I have worked as a paralegal assistant for several solicitors’ firms, taught French and Dutch to children and adults and worked as a freelance translator for SMEs. Before coming to the UK, I was secretary for Artemis, the female career network. Currently I provide legal consultancy to practitioners, and teach on the EU Law and Competition Law UG modules.
What motivated me to undertake PhD study?
Law and its place in society has always fascinated me. Each legal course I attended made me think “and how does that impact the individual’s day-to-day life?” Throughout my 5 years of studying law at the University of Brussels I developed a keen interest in what reasoning lies beneath the rules that shape our interactions and how they can be shaped to accommodate new developments. I knew I wanted to contribute to that process.
What makes me passionate about my subject?
By the end of my undergraduate studies, I had focused my academic interests on economic law, consumer welfare and new technologies. It is only recently that I discovered my interest in competition law more specifically. The relationship between the operations of companies, driven to make a profit, and the welfare of consumers and society as a whole, is one that poses its own fascinating challenges.
What are my plans once I have completed my PhD?
I would like to stay in academia. It would be a privilege to continue making my passion my job, which includes teaching. Never a dull moment in academia. As far as possible, I'd also like to continue my consulting services to practitioners.

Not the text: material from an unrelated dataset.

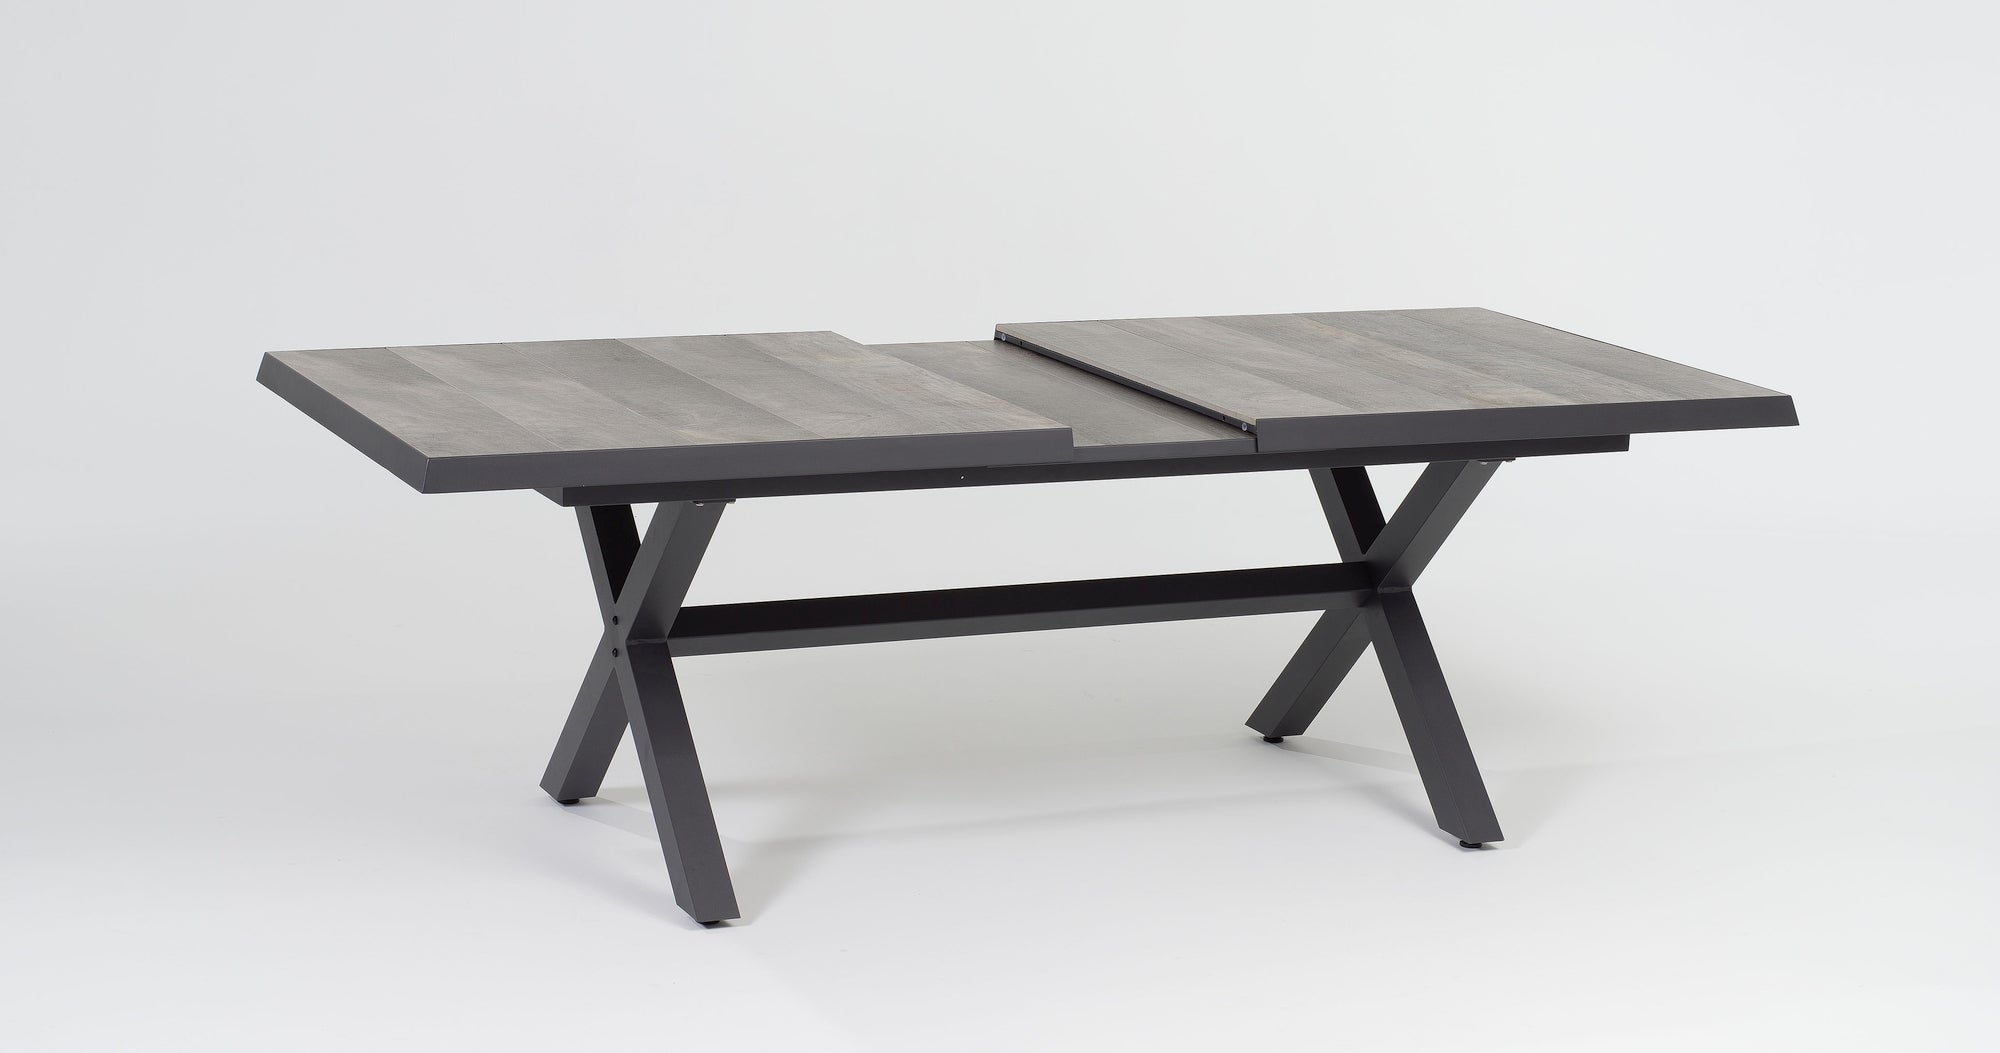 Verstellbare Tischgruppe Kenny von Gartenmöbelshop.at mit mixed grau-braunem Kunststoffgeflecht und erweiterbarem Tisch mit Keramikplatte in Schieferholz-Optik.

Big online platforms such as Google and Amazon have attracted a lot of attention recently, as the European Commission strives to create a ‘Digital Single Market’ and investigate potential abuses by Internet Giants. Several types of platforms exist, e.g. search engines, e-commerce intermediaries and social media/content sites. The leading platforms increasingly operate as a gateway to products or services. In Europe, Google’s market share in search is about 90%, Amazon reaches around 50% of the e-book market and Facebook reaches about 60% of social logins. Understanding their impact on our economy, and ensuring their adherence to competition law is vital. Online platforms, however, do not always operate like companies in traditional brick-and-mortar industries and should be studied carefully in order to avoid erroneous decisions by competition authorities. One of the obstacles to an accurate assessment of online services in competition law is the accurate delineation of the market.

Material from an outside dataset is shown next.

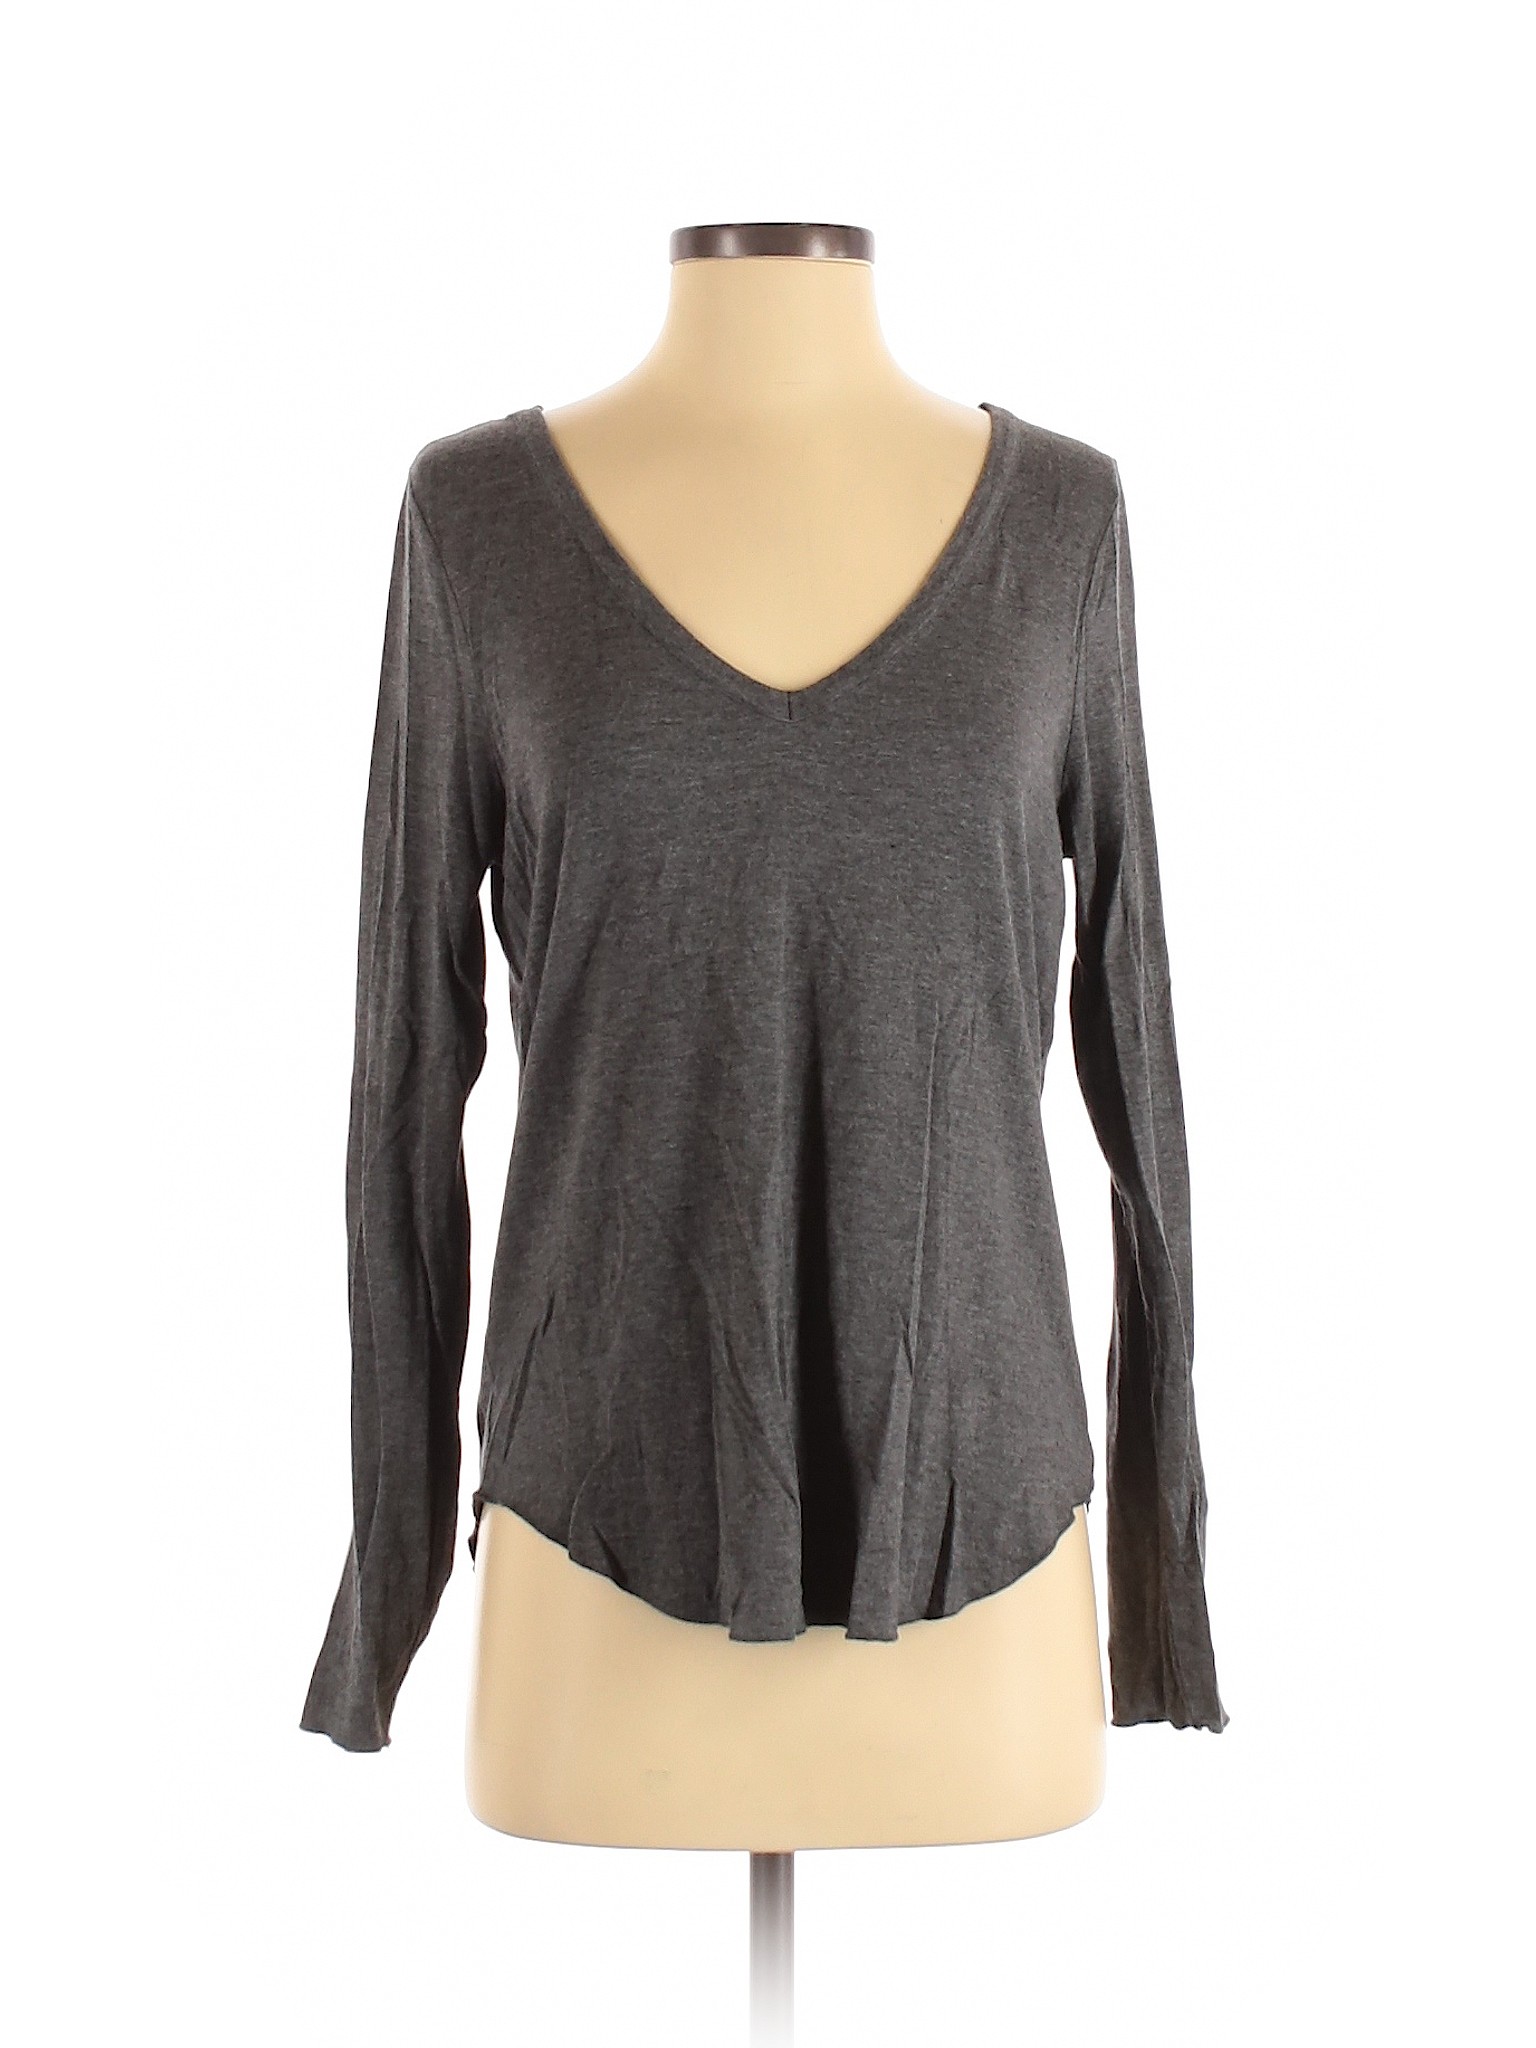 Assorted Brands Women Gray Long Sleeve Top S | eBay

Market definition for companies providing online services is challenging, as issues arise because of the specific characteristics of these companies. Online platforms are often multi-sided, facilitating interactions between two or more groups of users on the Internet. The existence of multiple sides begs the question of how many markets there actually are. In addition, online services are often provided free of charge, or at a myriad of prices, making it difficult to apply standard price-based market definition tools. This is not helped by the fluctuating boundaries on the Internet: a product may quickly become obsolete or integrated into another, and the geographical location of a company may lose its importance over time. The methods currently in use may be inadequate to define the market for these services.

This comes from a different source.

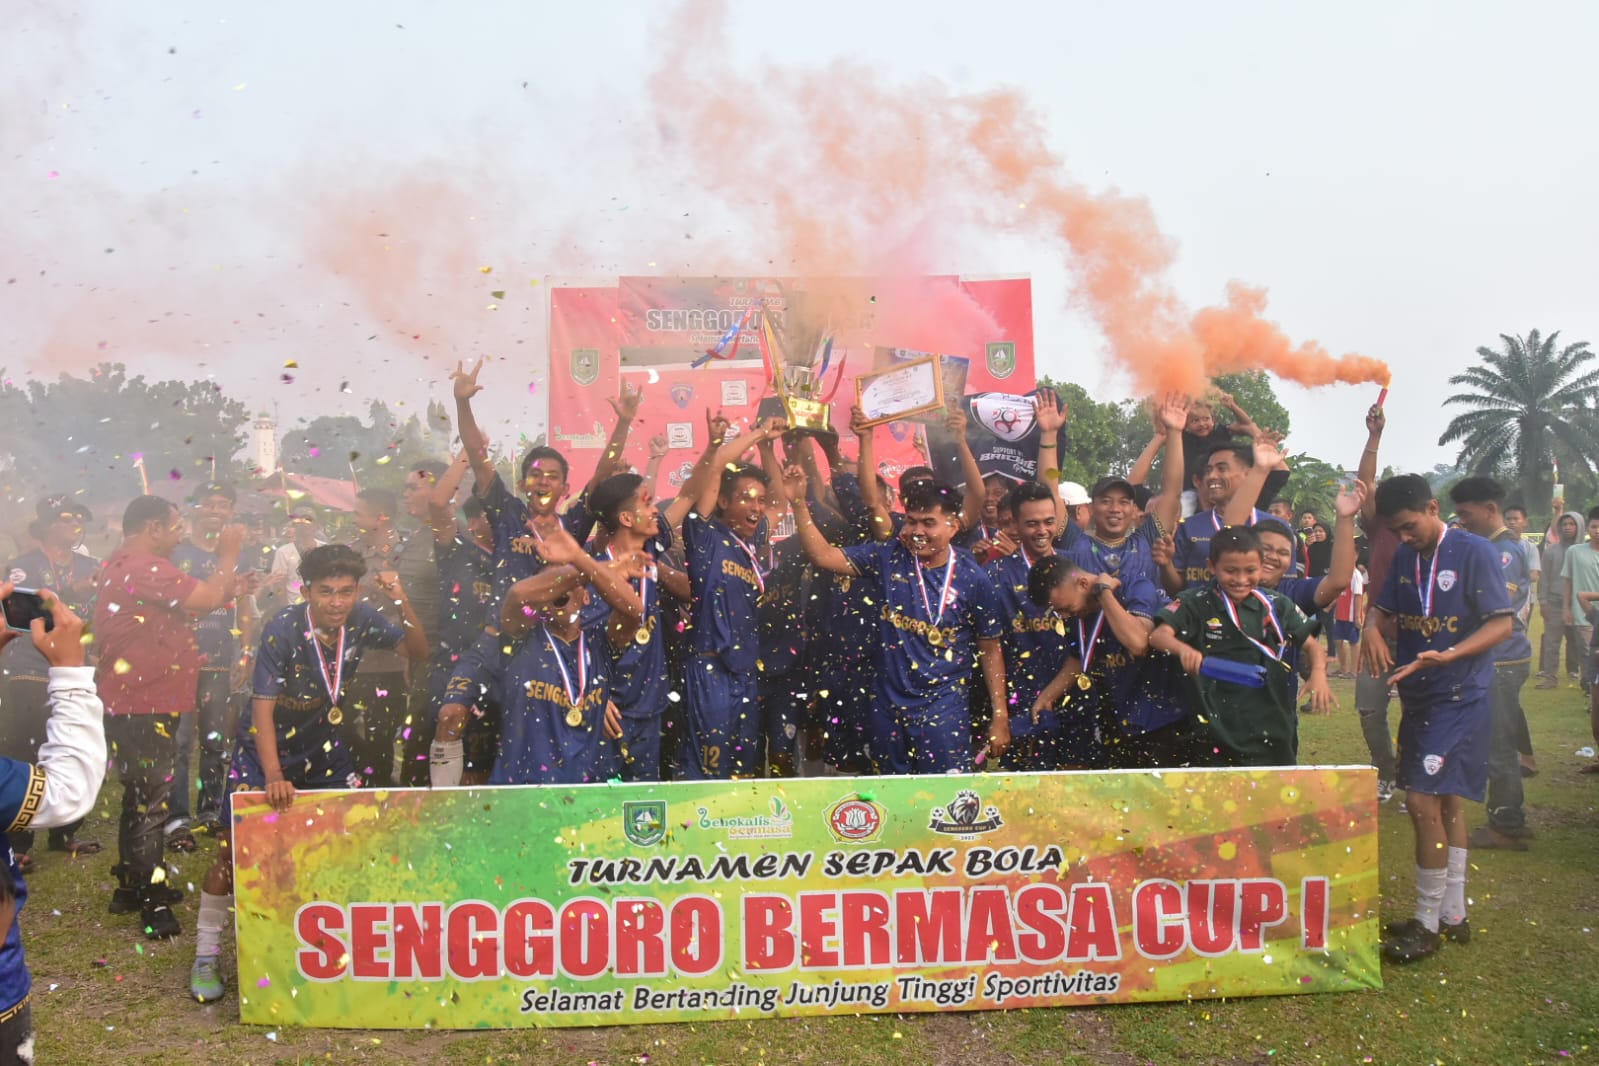 Juara Turnamen Sepak Bola Bermasa Cup I

The conduct of online platforms may hamper the market access of competitors, which can be an abuse subject to prohibition in competition law if the platform is dominant. Whether or not a company is dominant requires an accurate definition of the market in which it operates. Thus, it is necessary to establish how authorities should go about defining the market for online services. This PhD thesis aims to provide guidelines for market delineation for online services now and in the future.